Où passe la ligne tenue de démarcation entre le droit d’exprimer son mécontentement dans un pays démocratique et l’acte antisocial qui se clôt derrière les barreaux ? Nous avons vu, et pas qu’une fois, des hommes de tous les pays du monde défendre leurs droits de manière bien plus musclée parvenir à leurs buts. En Bulgarie, lorsque la grogne sociale s’est exprimée dans le calme, sans briser des vitrines, mettre le feu aux véhicules, mais en bloquant la circulation à certains carrefours, on a vite fait de coller aux manifestants l’étiquette "groupes de vendus". Sur les places et dans la rue aux côtés des milliers de jeunes, persuadés d’agir de leur plein droit on peut voir des personnalités publiques, des figures emblématiques des arts et de la culture.
Pourtant les manifestations ont creusé des lignes de partage entre leur prise de position à l’égard de cette explosion de mécontentement, et celle exprimée par la grande majorité des citoyens lambda.

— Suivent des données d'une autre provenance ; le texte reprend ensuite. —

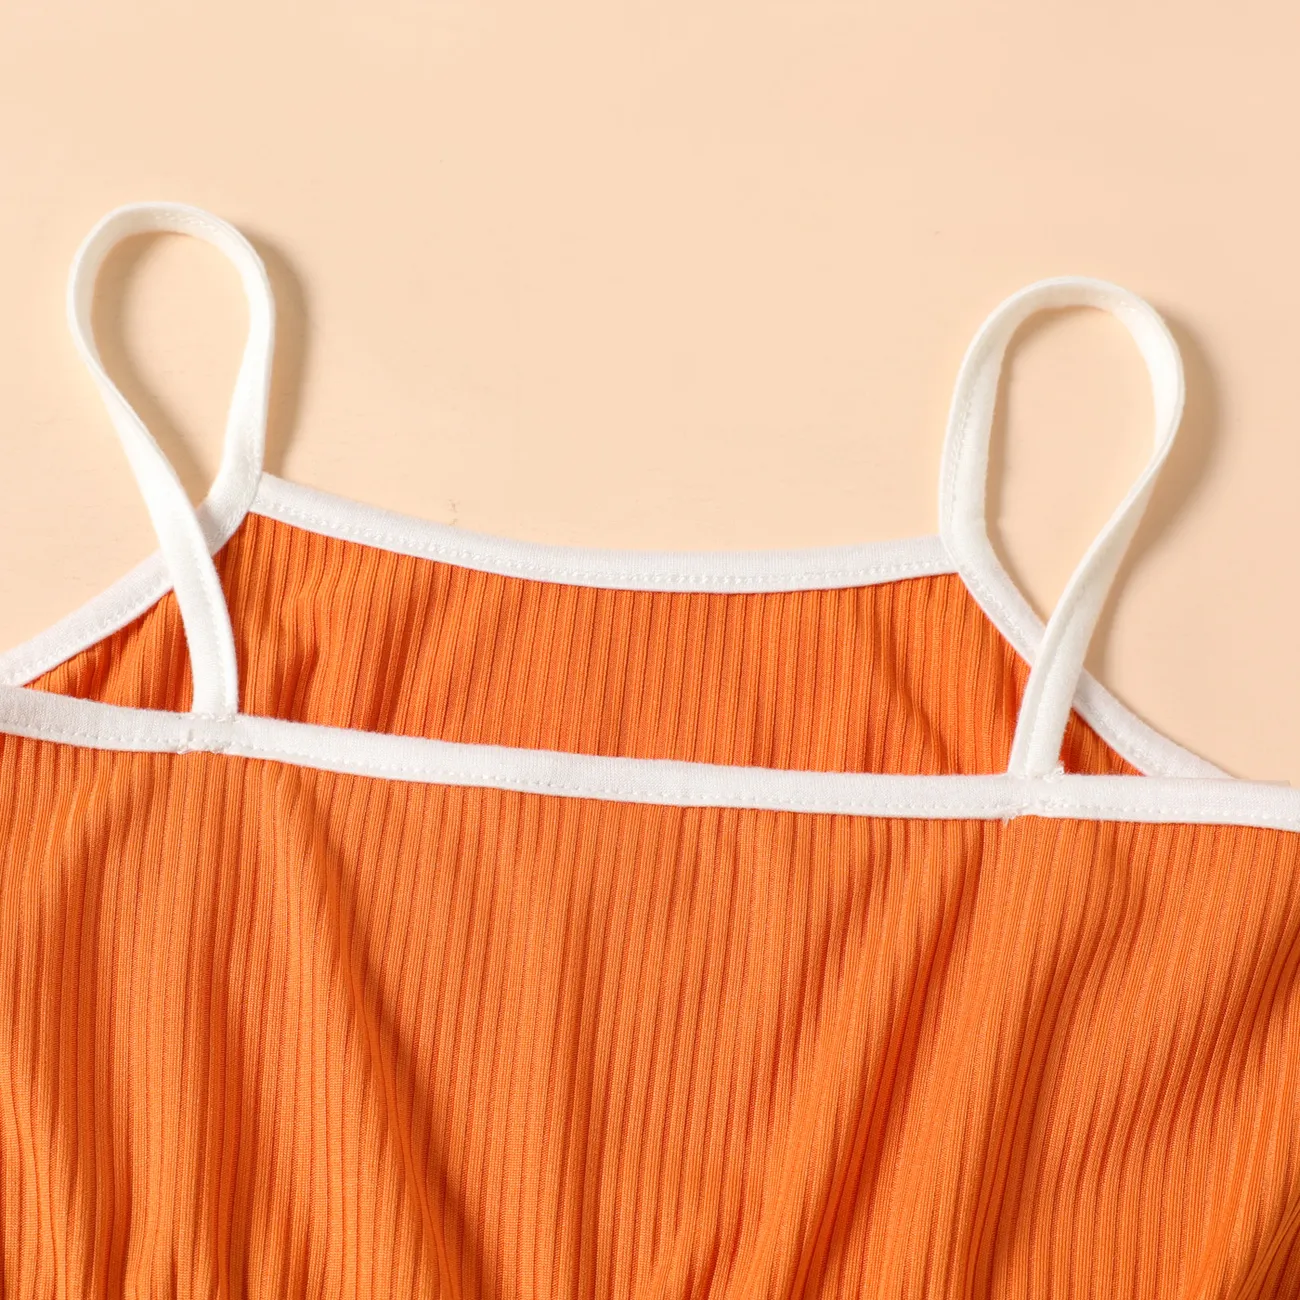 Toddler Girl Rainbow Print Bowknot Design Cami  Romper Jumpsuit Shorts Orange big image 1

Des deux côtés de la barricade nous avons non seulement des politiques et des contestataires, mais aussi des musiciens, des écrivains, des poètes, des comédiens.
„Si au cours d’un spectacle dans lequel je joue ou lors de la projection d’un film où j’ai un rôle, je me fais siffler par le public, alors là, je réfléchirais sérieusement sur mes actes – a dit pour la RNB le comédien Pavel Popandov. – De cette manière je mets en cause tout le spectacle, tout le film, ce qui met à mal mes collègues. Si cela se répète, et si il y a une troisième explosion de mécontentement, Dieu m’en garde, – ce sera le signe que je dois changer de métier. Que je ne peux plus monter sur scène, ni me montrer à l’écran. Malheureusement, ici les choses ne se passent pas ainsi. “
Mais encore, cela vaut-il la peine pour un artiste d’exprimer sa position citoyenne? -„ Absolument ! Sinon tu n’es pas un citoyen, tu n’es personne.“
L’escalade des manifestations pendant la Grande mutinerie populaire du 2 septembre dernier et les actes de violence policière ont polarisé encore plus l’opinion:
"Je ne peux pas avoir un regard juste sur ces événements, puisque je ne vis pas en Bulgarie – dit dans son interview pour la RNB la légende de l’opéra lyrique Raïna Kabaïvanska. – Mais tout ce que j’ai vu à la télévision m’a fait un coup, parce que j’ai vu une bande de voyous organisés qui réclamaient la mort des policiers. Cela a été un grand choc pour moi. Les policiers sont des fonctionnaires, pas des ennemis. Je ne peux pas dire du quel côté est le droit, mais j’ai été profondément bouleversée – cette haine à l’égard de gens, qui sont nos frères. Pourquoi toute cette haine?! Et encore, il y a une autre chose que je ne comprends pas – le président n’est-il pas au-dessus des partis ? C’est une position de principe de toutes les lois fondamentales. Et ici, j’ai vu un président qui prend parti. C’est ce qui m’a choqué en regardant la télévision bulgare."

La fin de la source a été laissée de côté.